AMMAN – Three Jordanians participating in the annual Hajj were killed in a road accident between the holy cities of Mecca and Medina on Tuesday. A plane was sent from Jordan to repatriate the bodies.

JERUSALEM – Israeli police said they had arrested two men who allegedly bilked thousands of dollars from two charitable associations by pretending to be victims of suicide bombings. The criminal gang was undone when it tried to take advantage of the January 29 suicide bombing in Jerusalem that killed 10 people.

WASHINGTON – The United States is seeking to interrogate and extradite Mullah Krekar from Norway as a suspect in the recent suicide attacks on Iraqi Kurds. Various European countries were also seeking access to Krekar, the reputed founder of Ansar Al Islam, the group suspected of carrying out the Irbil attack on February 1.

WASHINGTON – US secretary of state Colin Powell has expressed doubts about the decision to go to war against Iraq. Powell said he might not have recommended war if he had known Iraq had no stockpiles of banned weapons.

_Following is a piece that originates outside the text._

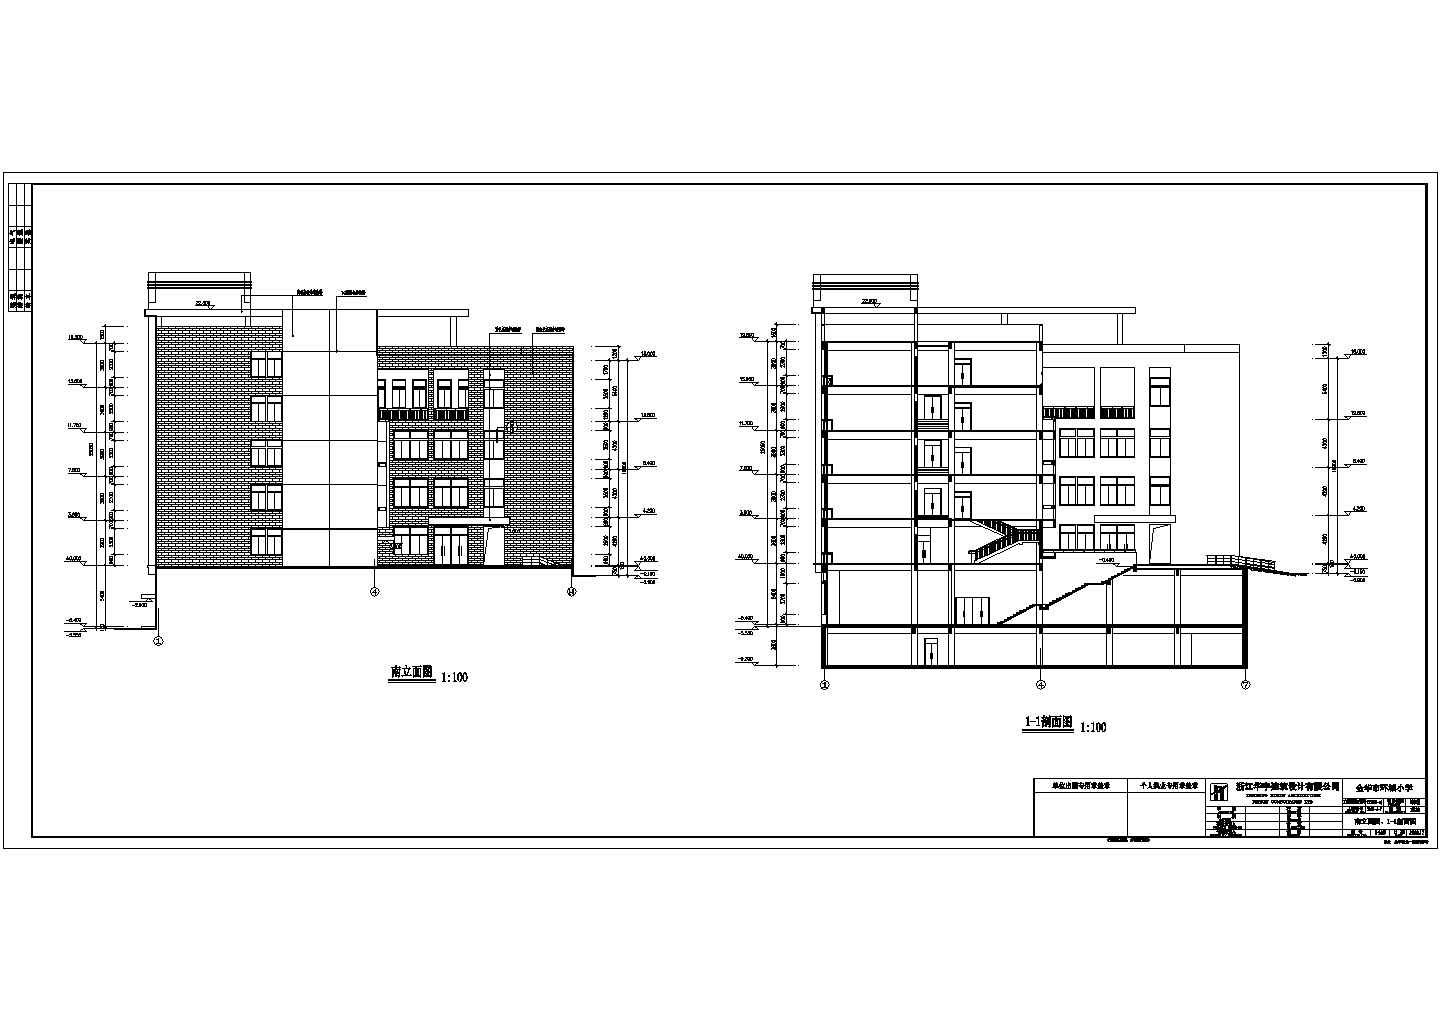 某6522㎡五层小学节能型综合楼建筑施工套图(带公共建筑节能设计表,防空地下室防护功能平战转换表)

However, he said that history will ultimately judge that the war “was the right thing to do.”

BAGHDAD – Iraqi security officials say loyalists to deposed dictator Saddam Hussein’s Baath party have split into at least three factions. Sources said the factions are fighting for control over the Sunni Triangle as well as the remnants of Saddam’s finances.

DOHA – Qatar is now the wealthiest nation among the oil-rich countries of the Gulf, according to Arab League statistics. With a per capita income of $29,948, Qatar had one of the highest income levels in the world.

WASHINGTON – The US State Department said US and British officials were due to meet with a Libyan delegation in London on Friday. A US/UK team, working with International Atomic Energy Agency inspectors, was in Libya last month and a similar team will soon return to continue the work.

UNITED NATIONS – The head of the UN Mission in Eritrea-Ethiopia said while there may be a stalemate over boundary demarcation, he does not foresee a war. Ethiopia has rejected the border proposed by the jointly-appointed Border Commission.

KHARTOUM – The Sudanese government and the southern rebel Sudan People’s Liberation Army will resume peace negotiations in Naivasha, Kenya, on February 17. Negotiations were adjourned on January 26 for Eid Al Adha.

KHARTOUM – Sudanese President Omar Al Beshir has ordered the government refugees commission to persuade tens of thousands of refugees in Chad to return to Sudan’s western Darfur region.

WASHINGTON – A member of the US House of Representatives, Frank Wolf, this week told the House that US President George W. Bush should be awarded the Nobel Peace Prize if his efforts to promote a resolution to Sudan’s long-running civil war are successful.

KUALA LUMPUR – Malaysia this week denied involvement in producing nuclear components for Libya. But a spokesman said a Sri Lankan businessman identified by US and British intelligence as an alleged middleman was under investigation by the Malaysian authorities.

ALGIERS – The Algerian foreign ministry called on Saudi Arabia’s ambassador to explain why the leader of the banned Islamic Salvation Front, Abassi Madani, was invited to attend a traditional reception given this week by King Fahd to mark Eid Al Adha.

MOSCOW – Italian foreign minister Franco Frattini said his Russian counterpart, Igor Ivanov, told him during talks this week that Russia was ready to have a “European representation” in war-torn Chechnya. 

MOSCOW – An official from Russia’s defense ministry said 263 Russian soldiers were killed in Chechnya last year, compared to 463 in 2002. A further 971 soldiers died in Russia in 2003.

ROME – Italy’s Prime Minister Silvio Berlusconi will visit Tripoli on Tuesday for talks with Libyan leader Muammar Qadhafi.

ALGIERS – Algerian President Abdel Aziz Bouteflika this week asked the United Nations and the European Union to send observers to presidential elections in April.